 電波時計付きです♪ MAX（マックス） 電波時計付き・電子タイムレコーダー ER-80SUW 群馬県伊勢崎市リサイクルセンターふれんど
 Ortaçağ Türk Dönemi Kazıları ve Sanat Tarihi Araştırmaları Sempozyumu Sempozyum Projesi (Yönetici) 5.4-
--
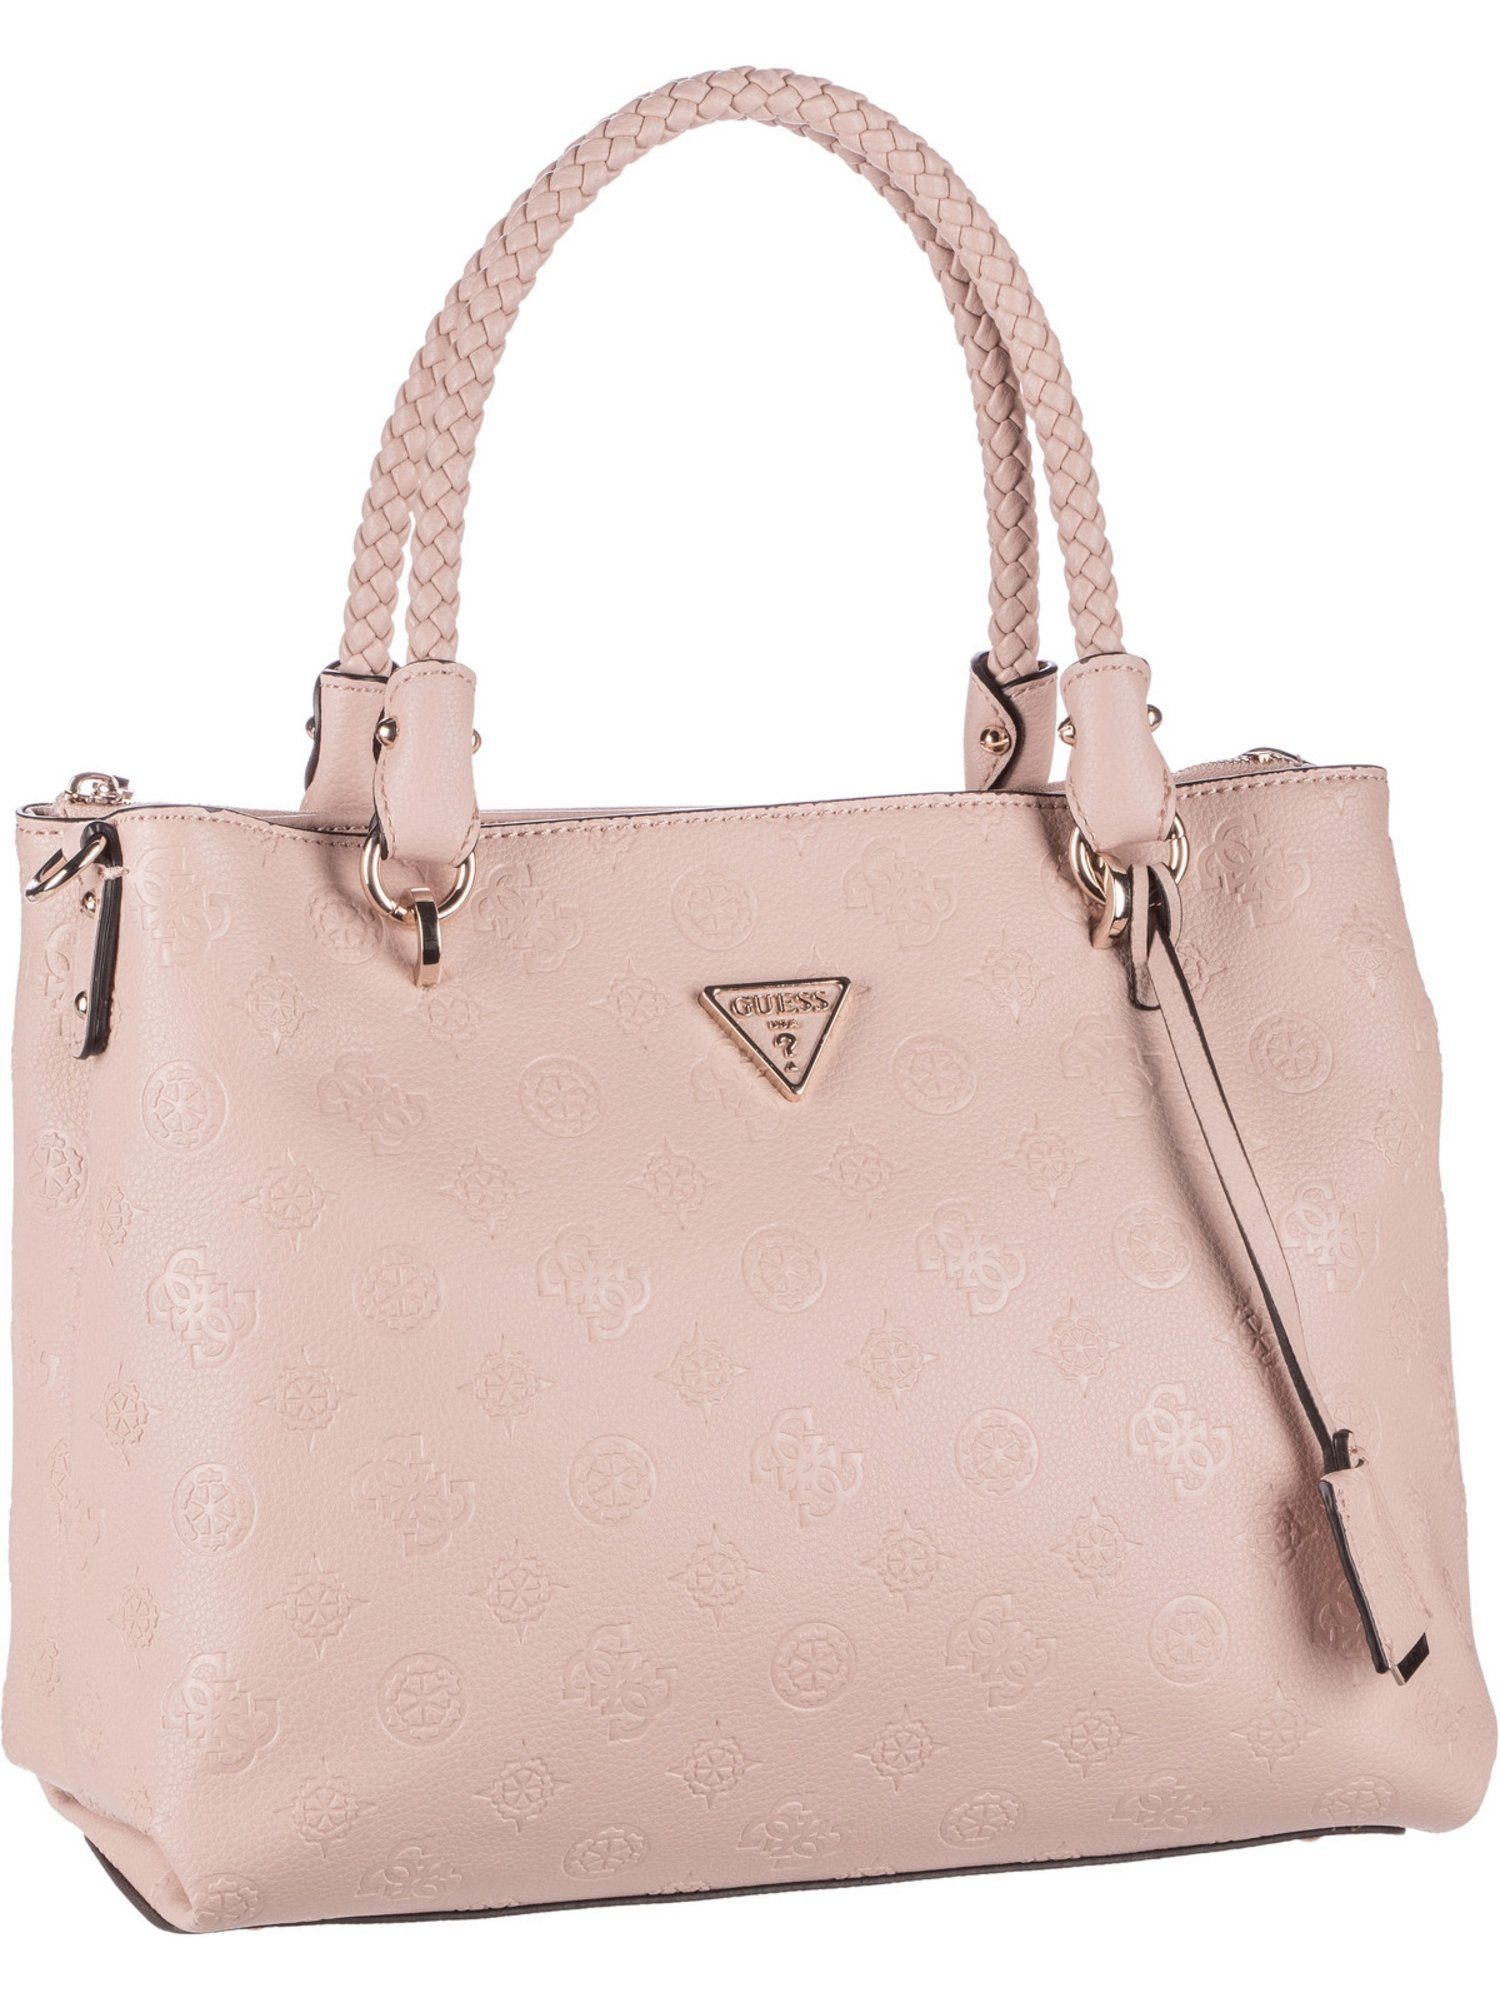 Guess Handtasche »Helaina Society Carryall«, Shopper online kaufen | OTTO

> _Exercise details_: All lines above from the one containing "電波時計付きです♪ MAX（マックス） 電波時計付き・電子タイムレコーダー" to the one containing "Ortaçağ Türk Dönemi" must be repeated exactly, both lines included, and no others.

> _Written solution_:
 電波時計付きです♪ MAX（マックス） 電波時計付き・電子タイムレコーダー ER-80SUW 群馬県伊勢崎市リサイクルセンターふれんど
 Ortaçağ Türk Dönemi Kazıları ve Sanat Tarihi Araştırmaları Sempozyumu Sempozyum Projesi (Yönetici) 5.4-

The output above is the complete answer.